The commission borrows another idea from the UN’s Intergovernmental Panel on Climate Change. This body of scientists has sounded the alarm on the need to address human-caused changes to our atmosphere, getting ahead of and driving the political consensus. Such a body could now be created on financial and economic issues. The body would produce public reports pointing out issues which need to be dealt with, and give advice to the United Nations General Assembly and other international organizations. If it’s constituted many of us would be happy to propose some of the Stiglitz panel’s commissioners as candidates.
Fearing a new and dangerous phase of the ongoing debt crisis in the next couple of years, the Commission recommends a Foreign Debt Commission, an International Debt Restructuring Court, and a Global Economic Coordination Council, all under the aegis of the United Nations. The latter would review the activities of the World Bank, IMF, and United Nations, as well as regional and other financial institutions, ensuring that gaps are filled and problems identified early.
The commission is slated to release its final report soon. One of the main strategies of General Assembly President Miguel d’Escoto Brockmann when he established the panel was to inform the inter-governmental negotiations for the UN conference on the world financial and economic crisis and its impact on development, scheduled previously for the first week of June now postponed until June 24-26. And one of the commission’s findings is that decisions concerning necessary reforms in global institutional arrangements must be made not by a self-selected group, such as the Group of the world’s eight richest countries (G-8), but by all the countries of the world working in concert.
The unfolding crisis should provide an opportunity to abolish the G-8, slim down the International Monetary Fund, and bring forward the United Nations as the more legitimate and therefore more effective forum to set global economic policies and priorities. Over the last six months this has looked unlikely, as the G-8 began to expand into the somewhat more inclusive G-20. This sounds more democratic, as it involves many countries with large populations including India, China, and Brazil. But most other countries are left out. The G-20’s view of what the United Nations should do at this time was merely “to monitor the impact of the crisis on the poorest and most vulnerable,” rather than actively do anything about it.

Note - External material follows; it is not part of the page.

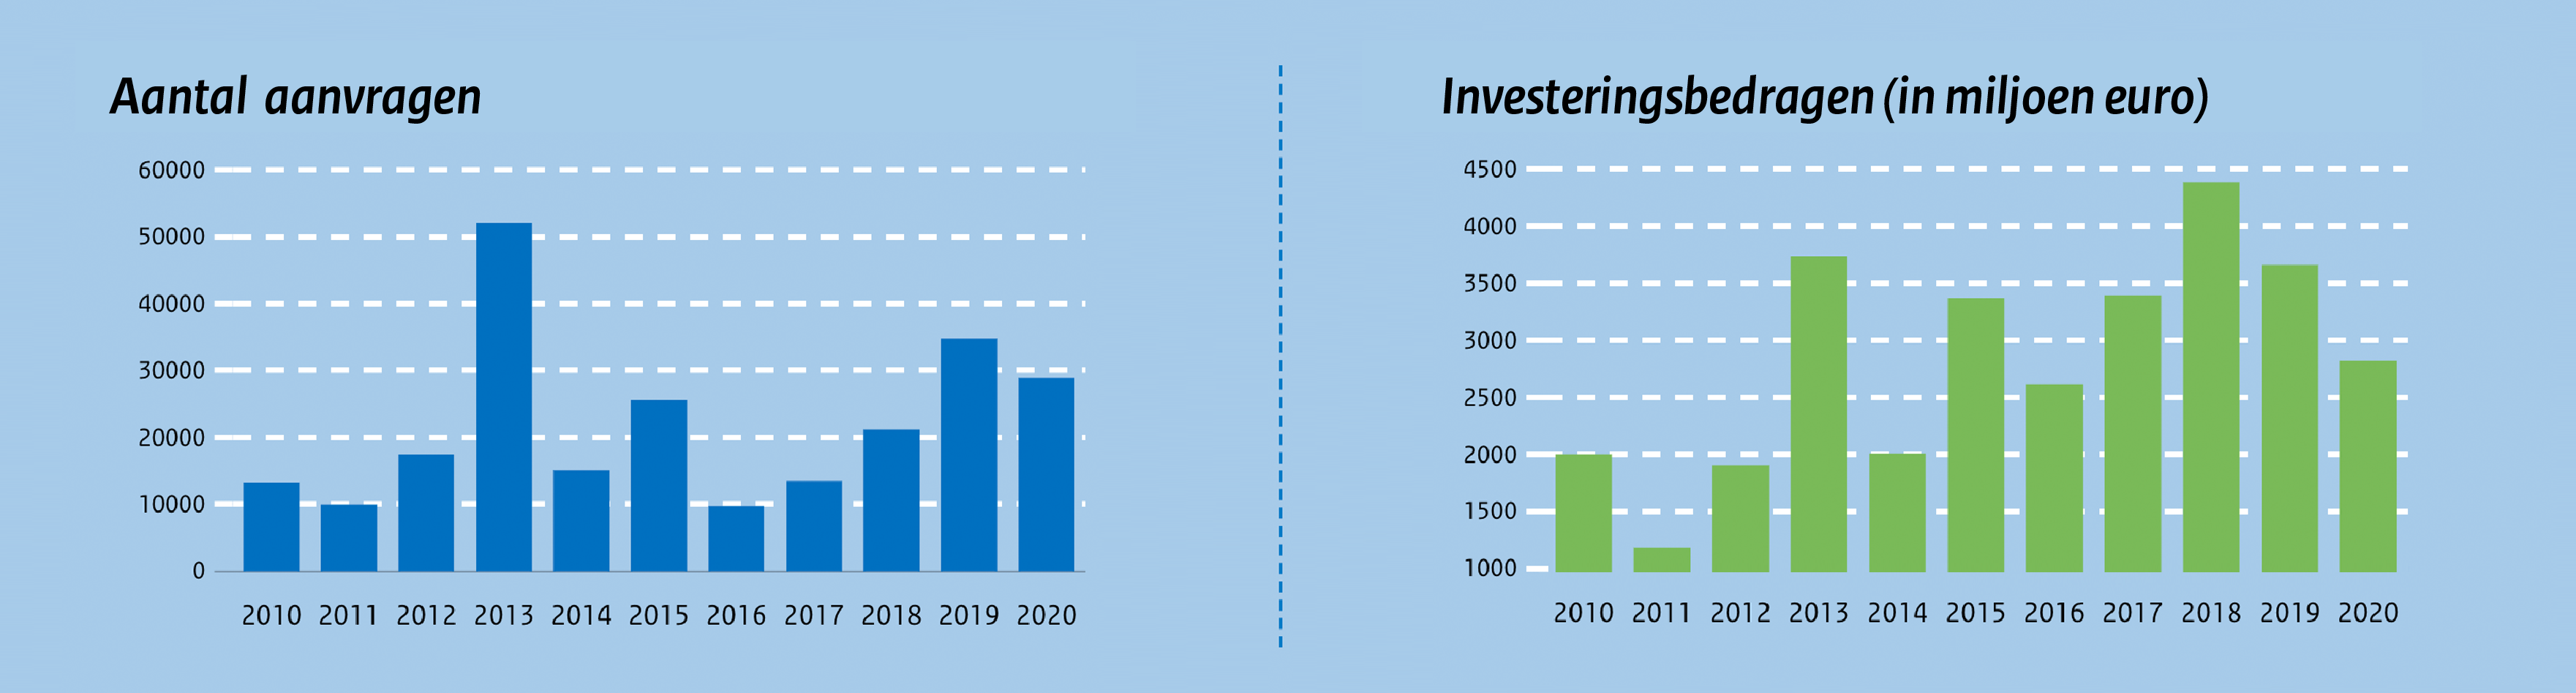 Aantal aanvragen en investeringsbedragen per jaar (2010 t/m 2020)

Diplomats in New York are still arguing fiercely over the text that will define the UN conference. Civil society groups organizing around the process have raised their concerns that the conference may prove a major missed opportunity, but are urging heads of state to attend to raise the chances of a success. Several of the Stiglitz Commission’s innovations are already present in the panel’s latest draft although there is still much negotiating to be done. A lively public launch of the commission’s findings should help energize public discussions about how to build political will to make a decisive break with the institutions, thinking, and policies that created this crisis.